Сжав кулаки, Дэймос ощутил, как неровные грани кольца впились в пальцы.
– Любопытно, – улыбнулся он, отбрасывая ужас, что охватил тело. – Вас по-прежнему не слишком заботят последствия.
– Ты в опале, мальчик, – потирая руки, поделился старый паук. – Серые за тебя не вступятся. Твой покровитель Кайт мёртв.
У Дэймоса вырвался смешок, заставивший Карова замолчать.
– Вы видели его тело? – чуть наклонив голову вбок, спросил он. – Неужто вы допускаете, что я пришёл бы сюда не подготовившись?
– О какой подготовке речь? О мальчике-магистре? Пф, не смеши меня. Кондома может сколько угодно храбриться, но меня этим не провести.

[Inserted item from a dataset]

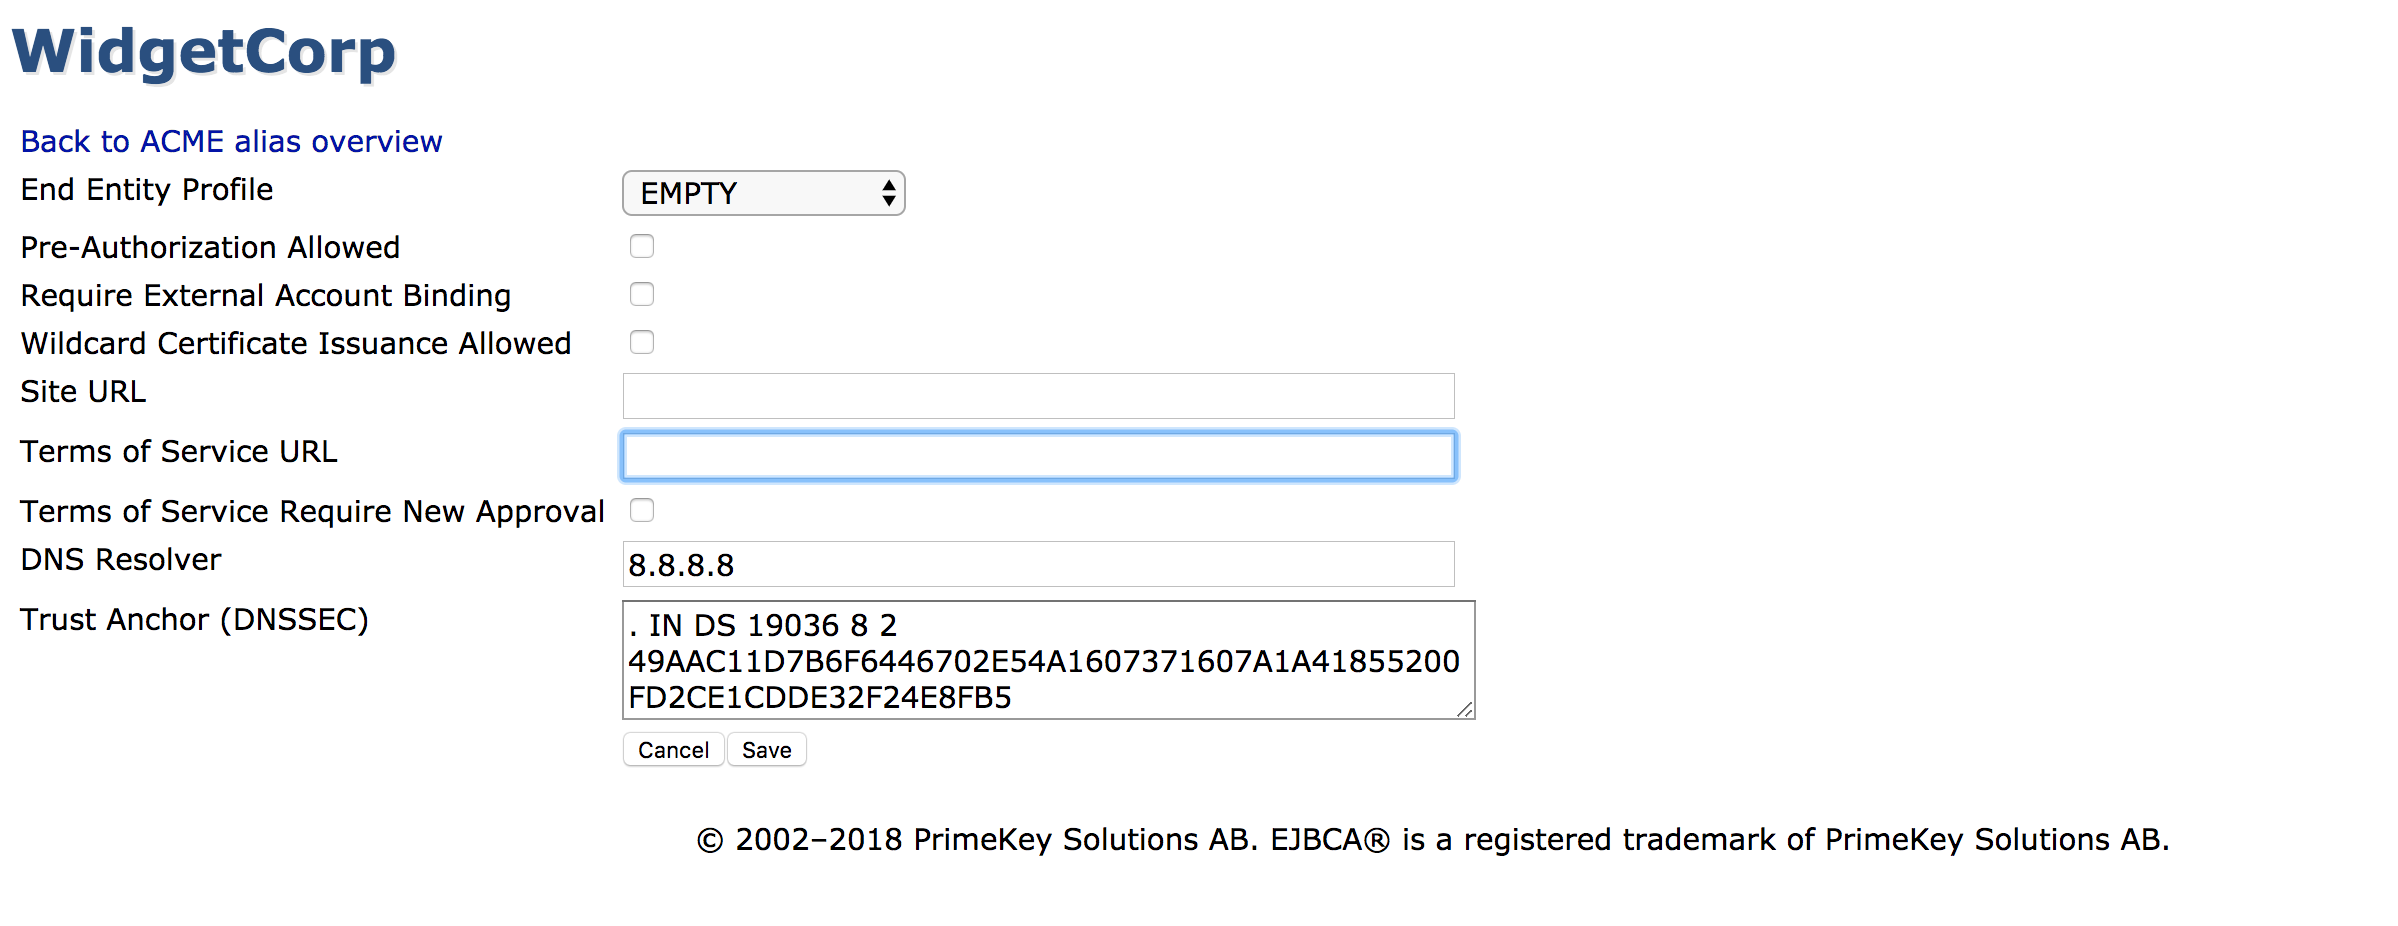 ACME - EJBCA - Documentation Space
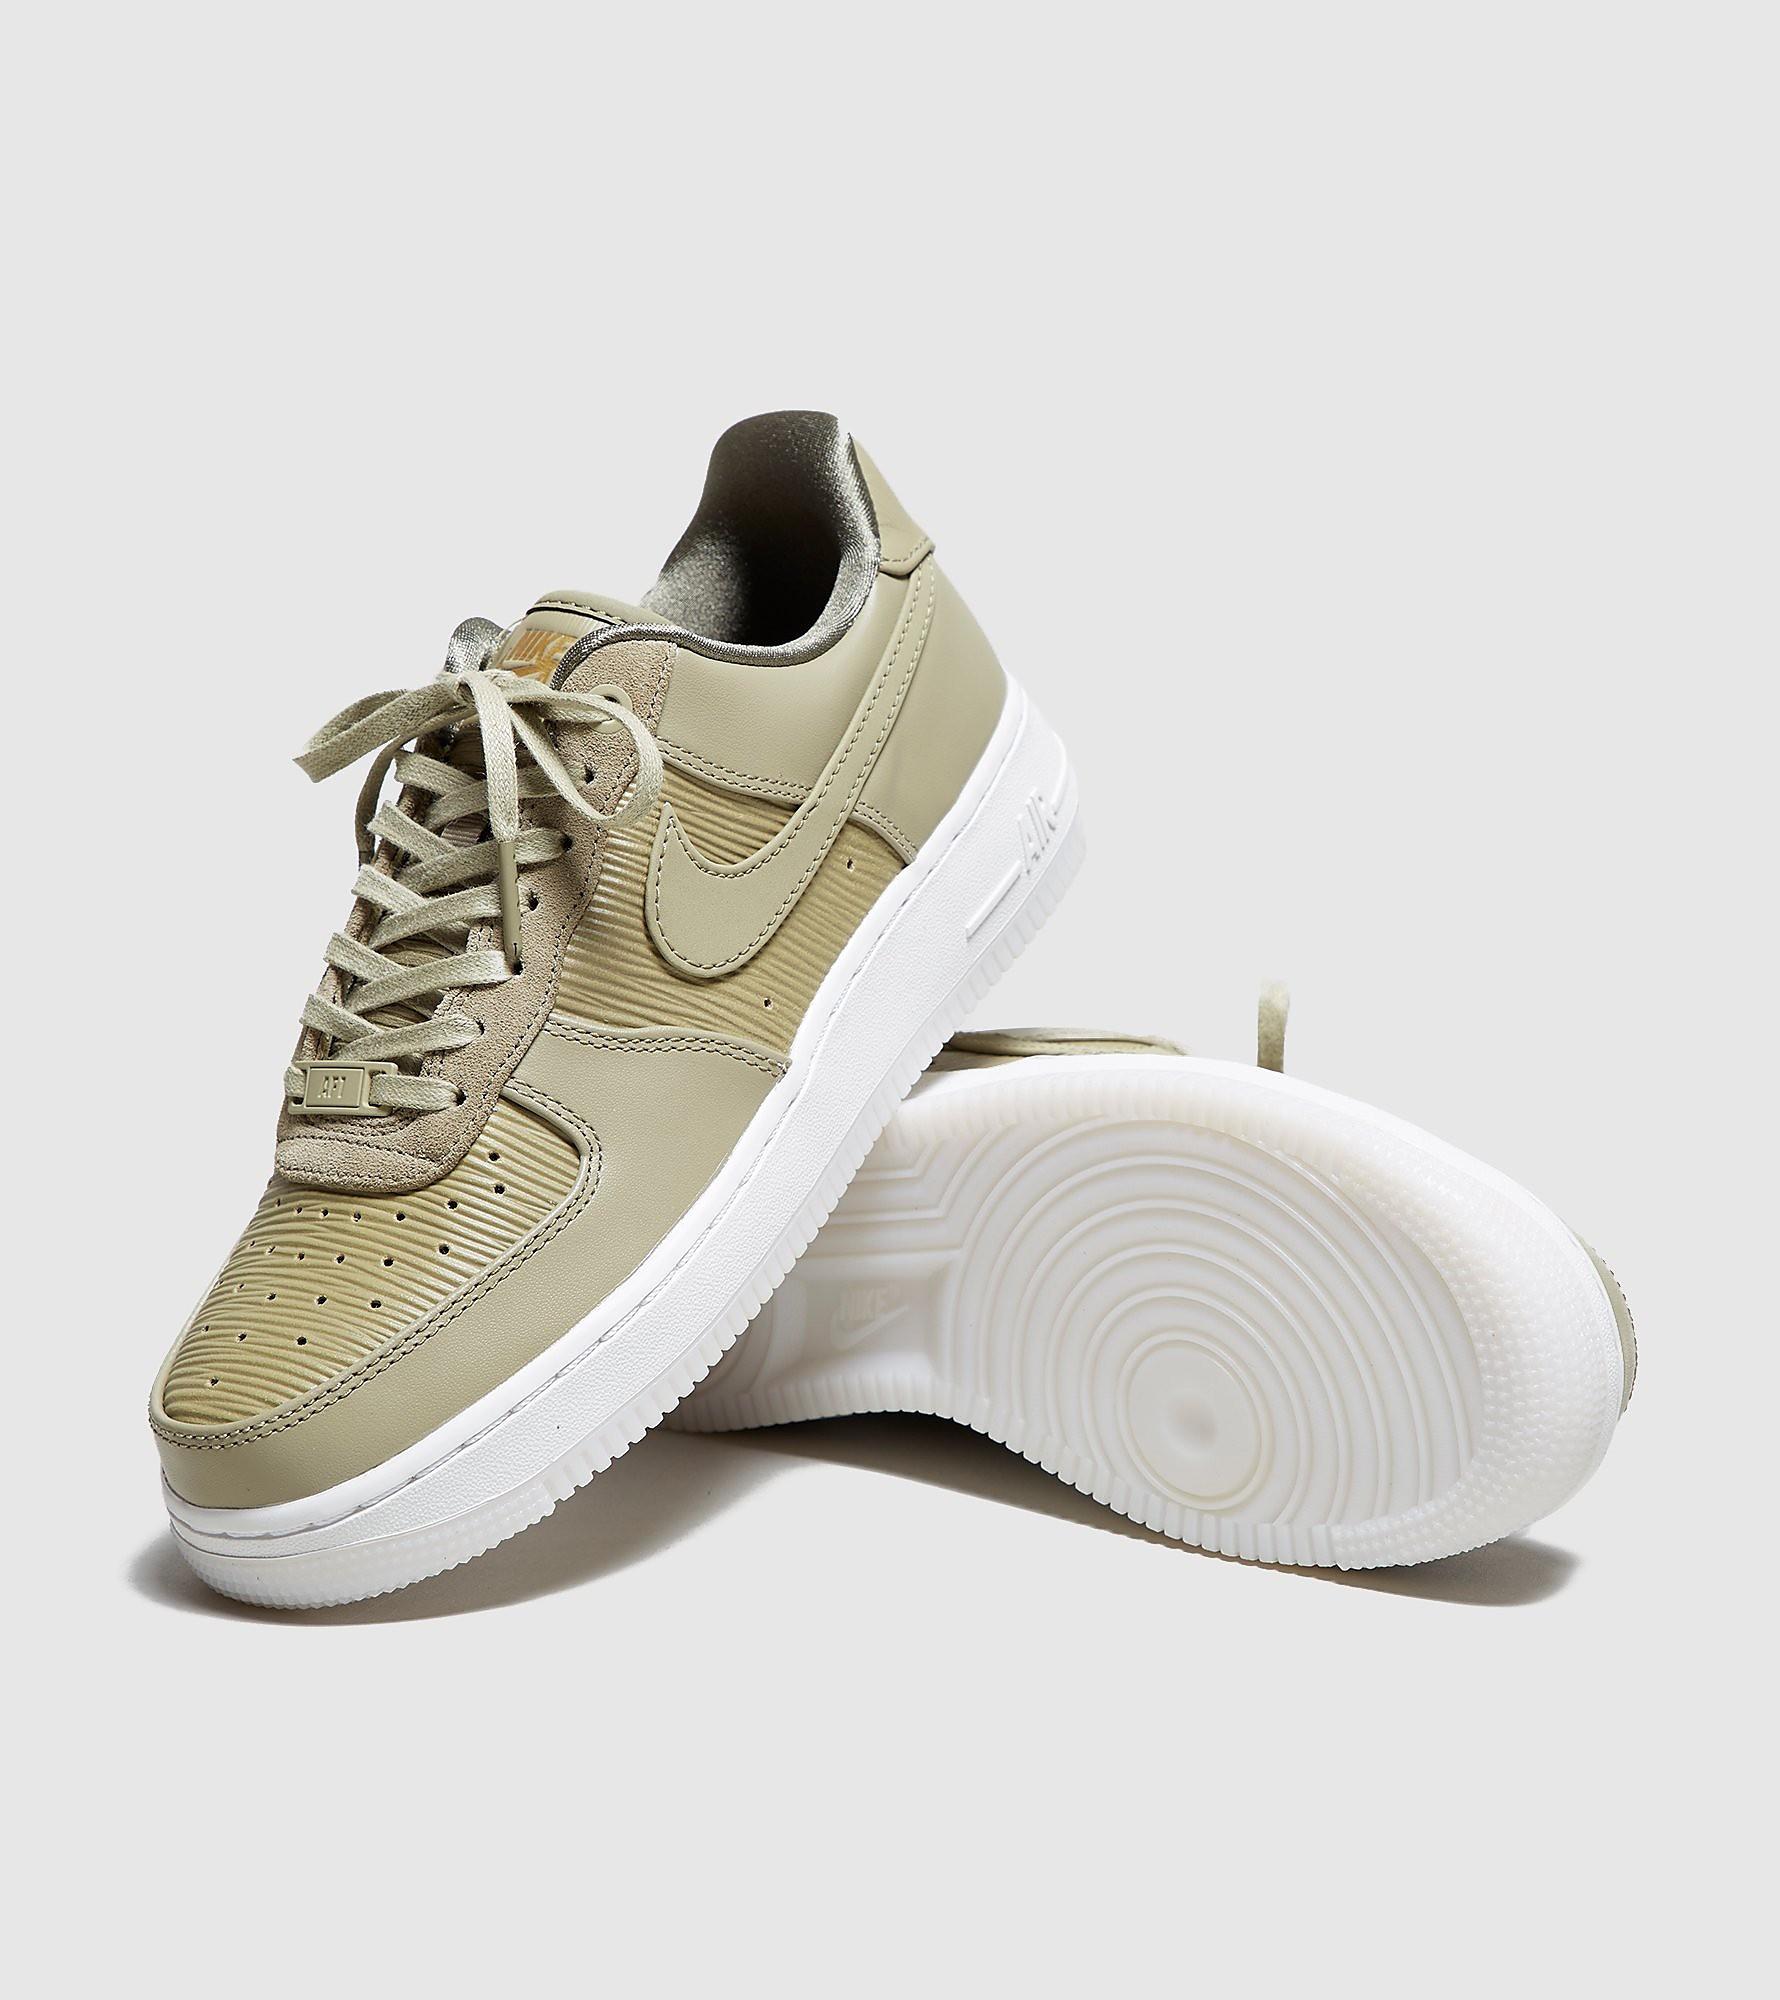 Nike Air Force 1 '07 LX Dam

Закинув ногу на ногу – из ботинка потекла вода, несколько портя эффект, – Дэймос погладил щетинистый подбородок и улыбнулся.
– Что ж, вперёд.
Старый паук недобро сощурился.
– Я весь ваш! Забирайте, рядите в больничные одежды. Колите витамины. Полощите в ваннах. – Санитары за спиной сделали шаг к столу, но нервный жест Карова заставил их остановиться.
– Блефуешь.
Наклонившись вперёд, Дэймос посмотрел в выцветшие глаза садиста и произнёс:
– А ты проверь, – видя проблеск сомнения, добавил: – В этот раз перевести вину на другого уже не выйдет.
Глава 5
Кент выглядел ужасно. Бессмысленный взгляд блуждал по комнате, не замечая посетителей. Из уголка рта текла слюна. Некогда сильные руки, способные свалить дерево, истончились, исхудав до костей.
За спиной стоял Каров с парой санитаров, отчего Дэймос не решался подойти к старику. Зато Фиар, не скованный нависшими над головой карестовыми муками, присел на кровать Кента и некоторое время пытался того разговорить. Всё, что смог сделать старик, – это подержать руку молодого магистра.
Когда делегация покинула корпус с больным, Каров спросил:
– На улице дождь, быть может, останетесь переждать? Высушите одежду. Выпьете горячего чая.
Достав часы, Дэймос деловито на них уставился, хотя сам едва видел стрелки.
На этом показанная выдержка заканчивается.